In terms of institutional arrangements, power given to investors is limited. An interesting comparison is Dell computer. Research looked at the degree of user design customization that was optimal when selling a computer. Turns out that the majority of people actually had no idea about the technical specifications of a computer. Letting customers customize their computer using technical design parameters hence resulted in a ‘design defect’: a choice of design parameters that does not maximize user satisfaction (Randall T., 2005). Such design defects can be mitigated by using ‘needs based interfaces’: instead of asking would you like “512MB,DDR,333MHz 2 Dimms or a “512MB,DDR,333MHz 1 Dimm” memory they would ask “do you find the performance of program X important”. In a way, the same can be applied to investing in the stock market. Since the target group of Peaks is unfamiliar with investing money and has little knowledge about the financial market, they are given only a limited degree of freedom. The only question investors are asked is, ‘how much risk would you like to take’?  Based on this level of risk, four different funds are possible: mild, spicy, very spicy and hot. According to your risk preference, the ratio of stocks versus bonds is set automatically. Using this ‘needs based’ approach rather than a ‘parameter based’ approach limits the chance of a design defect occurring and hence increases user satisfaction (Randall T., 2005).

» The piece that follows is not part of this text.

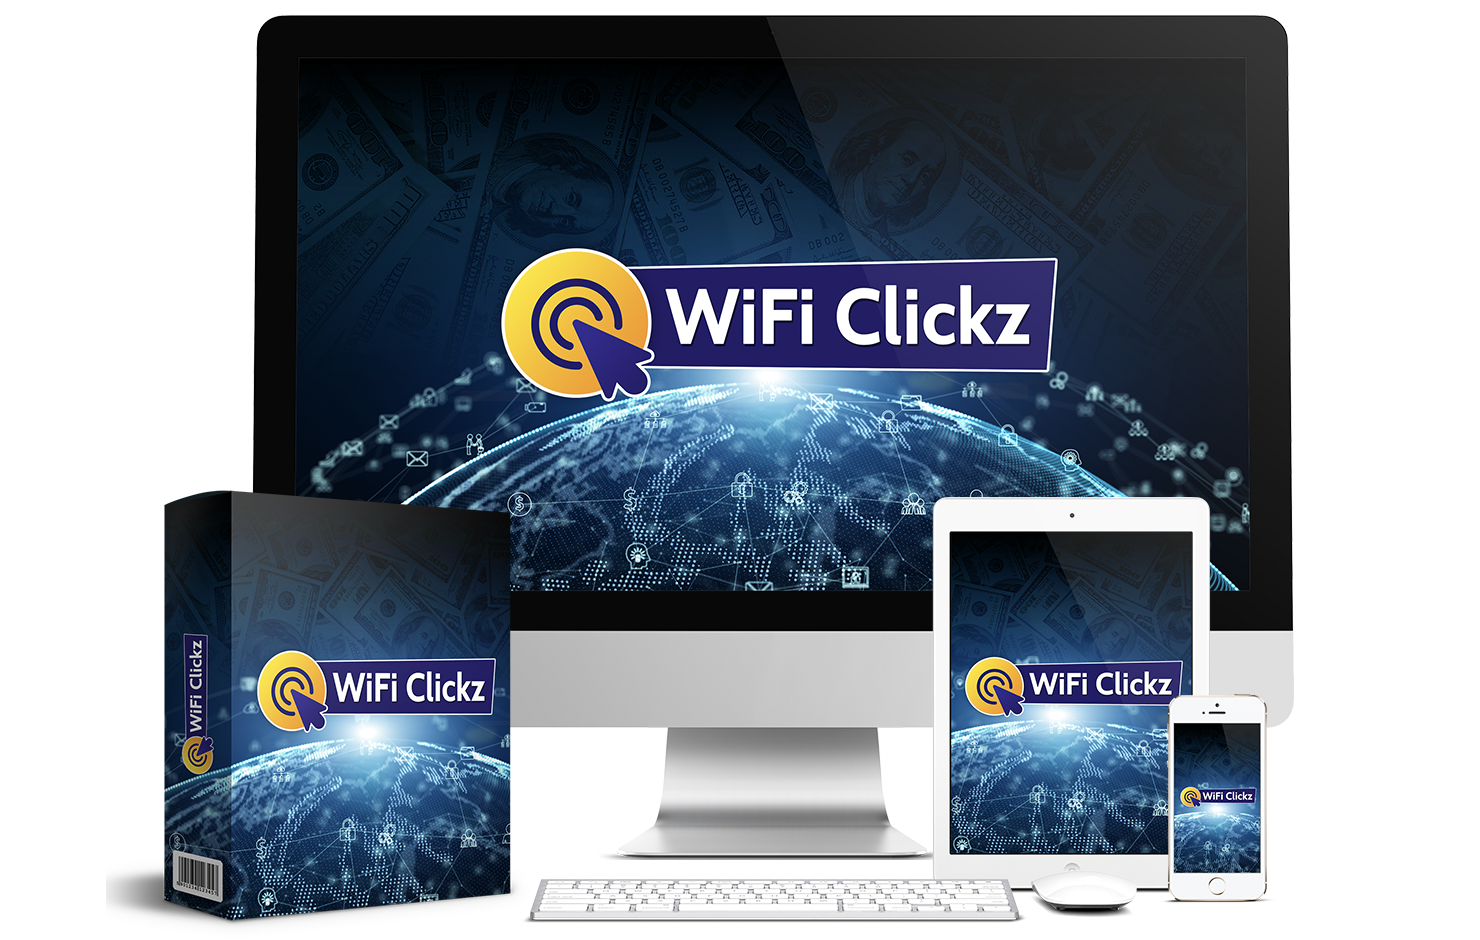 WiFi Clickz

Looking at the institutional environment, the social norms dimension is particularly applicable. Peaks plays into the current movement of Corporate Social Responsibility by banning funds that invest in controversial businesses such as weapons, alcohol/tobacco production and pornography. In terms of polity and judiciary dimensions, Peaks has a permit and is being supervised by the Dutch Authority for Financial Markets. (Peaks, 2017)

Peaks 2

Sounds great! Why not invest?
Empowering everyone rather than just the happy few to get a return on their savings sounds like a great cause. Moreover, expected returns in terms of percentages sound decent. However, after deducting the yearly costs, returns of some of the portfolios become negative. Considering that people investing at Peaks usually have little affinity with investing money, having such low transparency is appalling. For example, if you would like to invest for a period of 1 year with an investment of €30 a month your returns would be as follows (Drabbe, 2018):

  • Mild portfolio: – €3,79
  • Spicy portfolio: – €2,02
  • Very Spicy portfolio: – €0,10
  • Hot portfolio: €1,82

In conclusion, if you want to make money using Peaks you’re going to have to invest more than €30,- a month, which contradicts the whole idea of investing your change. It’s a shame since I believe the idea has a lot of potential! What are your thoughts on the topic? Would you invest your money using Peaks?


Carson S. J., D. T. (1999). Understanding Institutional Designs Within Marketing Value Systems. Journal of Marketing Vol 63, 115-130.

Drabbe, M. (2018). Peaks: beleggen met je wisselgeld. Retrieved from Consumentenbond:

Peaks. (2017). De app. Retrieved from Peaks:

Randall T., T. C. (2005). Principles for User Design of Customized Products. California Management Review.